Hizmet kalite algısı: Tüketicilerin yüzde 63’ü COVID-19 döneminde müşteri hizmetleriyle yaşadığı deneyim kaynaklı markaya yönelik hizmet kalite algısının düştüğünü dile getirdi. Müşterilerin yüzde 24’ü daha uzun bekleme süresinden, yüzde 24’ü uzayan yanıtlama süresinden, yüzde 14’ü düşen iletişim kalitesinden, yüzde 14’ü düşen hizmet kalitesinden, yüzde 13’ü de istediği kanalın müsait olmamasından dolayı bu algının oluştuğunu belirtti.
Tüketicilerin yüzde 49’u, aynı markalarla yeniden seyahat edip etmeyecekleri sorusuna hizmet kalitesinin en kısa zamanda normale dönmesi gerektiği yanıtını verdi. Yüzde 41’i de koşulları anladığı için aynı şirketle seyahat edebileceğini, yüzde 10’u ise aynı şirketle tekrar seyahat etme konusunda isteklerinin azaldığını ifade etti.
Yeni tekliflere yaklaşım: Müşteri hizmetleri sadakati de önemli ölçüde etkiliyor. Müşteri hizmetlerinden memnun olan müşteriler, o markaya daha yüksek bir sadakatle bağlı. Müşterilerin yüzde 79’u müşteri hizmetleriyle iletişime geçtiğinde yeni bir teklif almaktan memnun. Türkiye yüzde 94’lük oranla müşterilerin satış tekliflerine en açık olduğu ülke. Türkiye’yi yüzde 93 ile Brezilya ve yüzde 89 ile Meksika takip ediyor.
Hava yolu sektörünün pandemiden çıkışta gelen ani ve aşırı talebe hazırlıksız yakalandığını söyleyen Teleperformance Türkiye Satış ve Pazarlamadan Sorumlu Genel Müdür Yardımcısı Sezin Mızraklı Avalin, “Özellikle tatil sezonunun açılmasıyla artan hava trafiği birçok ülkede şirketlerin bu toparlanma sürecine yeterince hazırlıklı olmadığını ortaya koydu.
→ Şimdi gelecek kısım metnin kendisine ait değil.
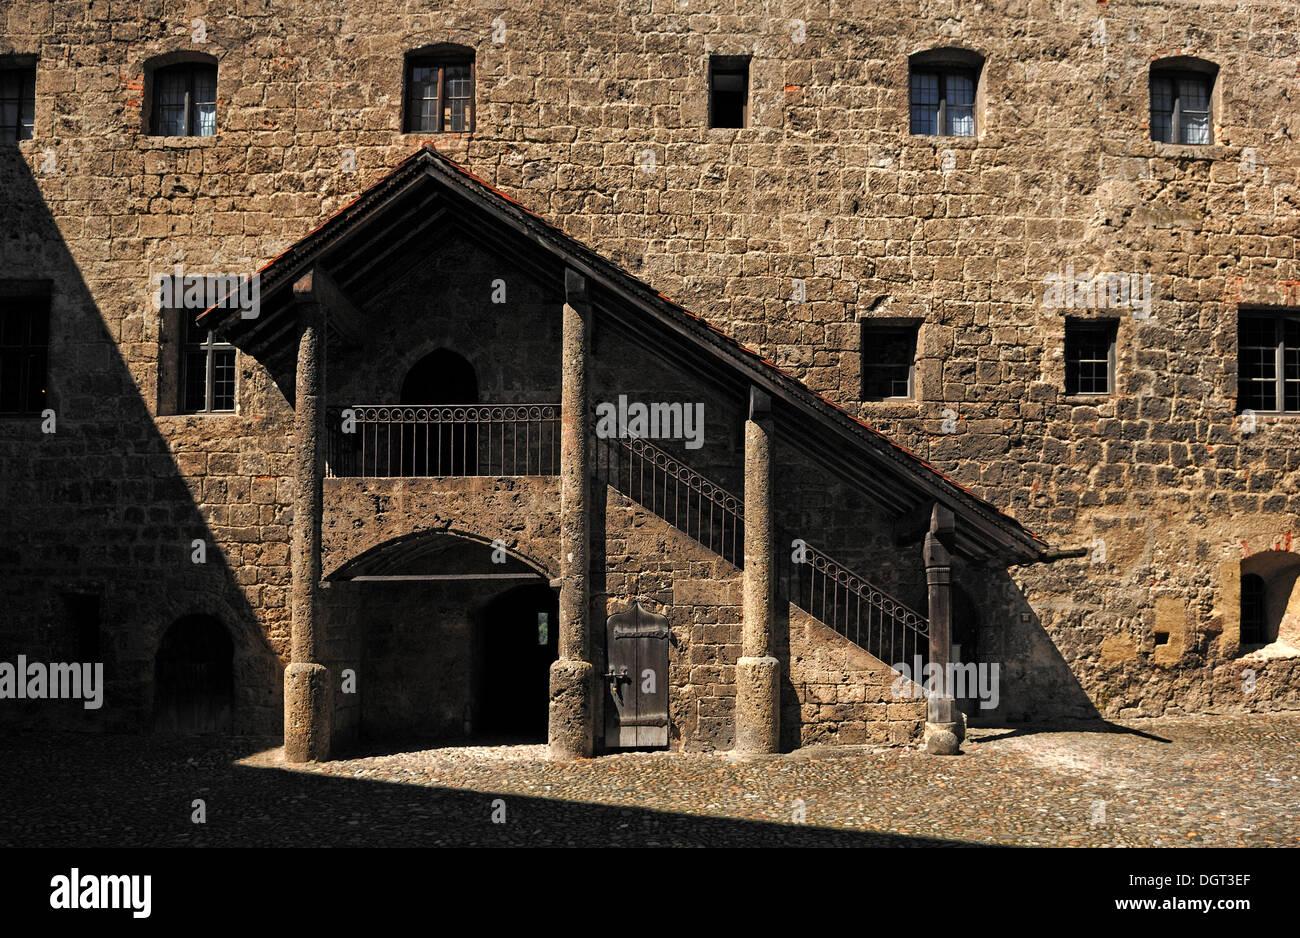 Überdachte Treppe im Innenhof der Hauptburg, 1525, Burg Nr. 48, Burghausen, Oberbayern Stockbild
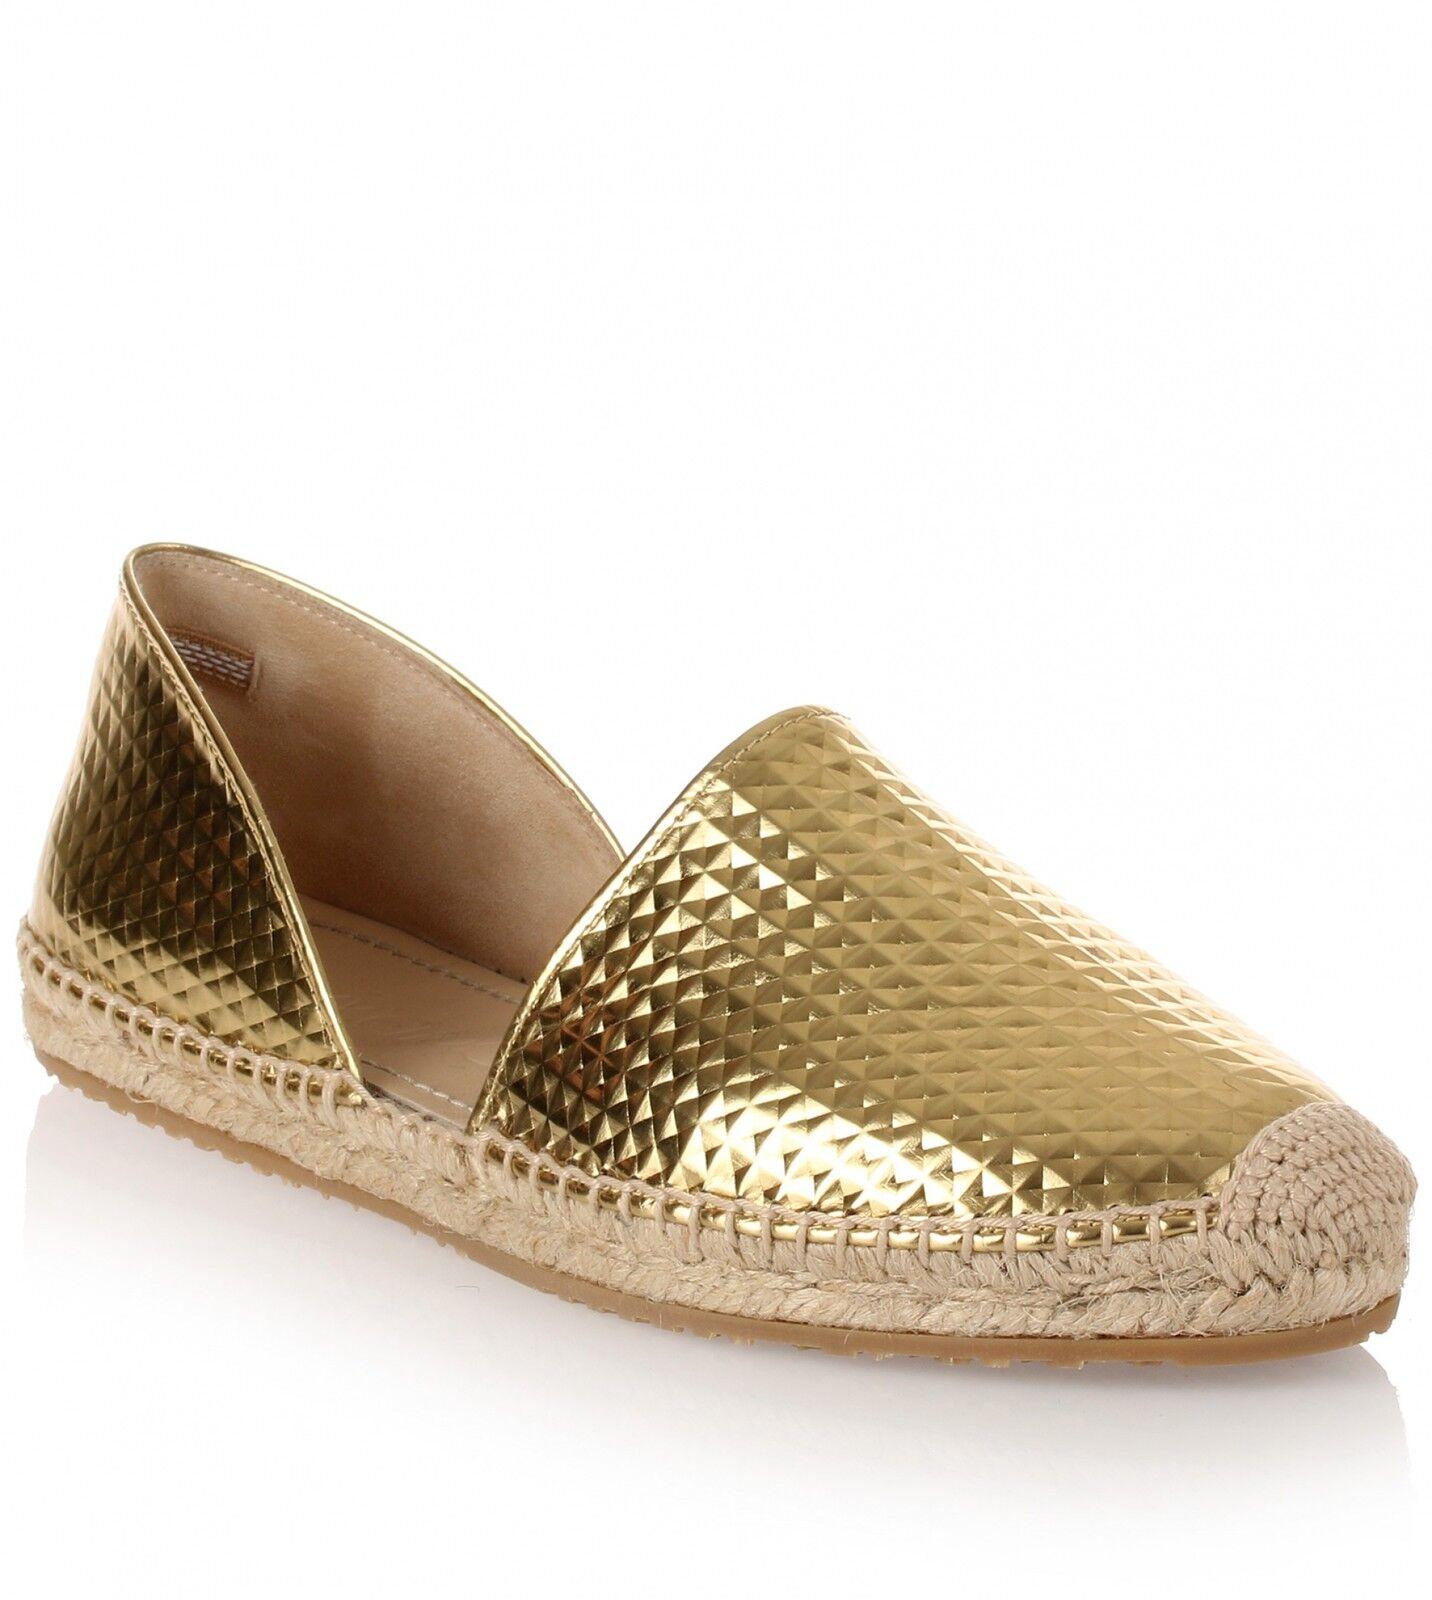 prezzo ragionevole Jimmy Choo Dreya Dorado Dorado Dorado Cubos Espejo Cuero Alpargatas scarpe bajo 36.5  solo per te

Bugün başta Avrupa ülkeleri ve Amerika olmak üzere uçuş gecikmeleri, iptal edilen uçuşların yarattığı kaotik durum sektörün yeniden yapılanma için kritik bir dönemde olduğunu gösteriyor” diyor.
Teleperformance CX Lab Tüketici Davranışları Araştırması’nın da ortaya koyduğu gibi müşteri beklentileri ve kullanım alışkanlıklarının değiştiğini söyleyen Sezin Mızraklı Avalin yapılabilecekler konusunda şunların altını çiziyor: “Artık rekabette oyun yeniden kurulabilir. Oyunu yeniden kurarken müşterinin beklentileri merkeze konulmalı. Örneğin markaların, yolcu sorunlarını çözmek için çok hızlı ve empatik müşteri hizmetleri sunması gerekiyor. Gerçek zamanlı müşteri hizmeti sunmak için kanal çeşitlemesine gidilebilir, sosyal kanallardan yararlanılabilir. Seyahati daha eğlenceli hale getirecek deneyimler tasarlamak için yolcuyla birebir iletişim kurarak müşteri hizmetleri bir üst seviyeye taşınabilir ve güçlü bir müşteri sadakati yaratılabilir.”
Temas noktalarında müşteriye özel mikro deneyimler sunmanın da ömür boyu marka bağlılığı yaratmada önemli rol oynayacağını belirten Avalin, başarıya giden yolda en önemli anahtarlardan birinin müşteri deneyimini merkeze koymak olduğunun altını çiziyor.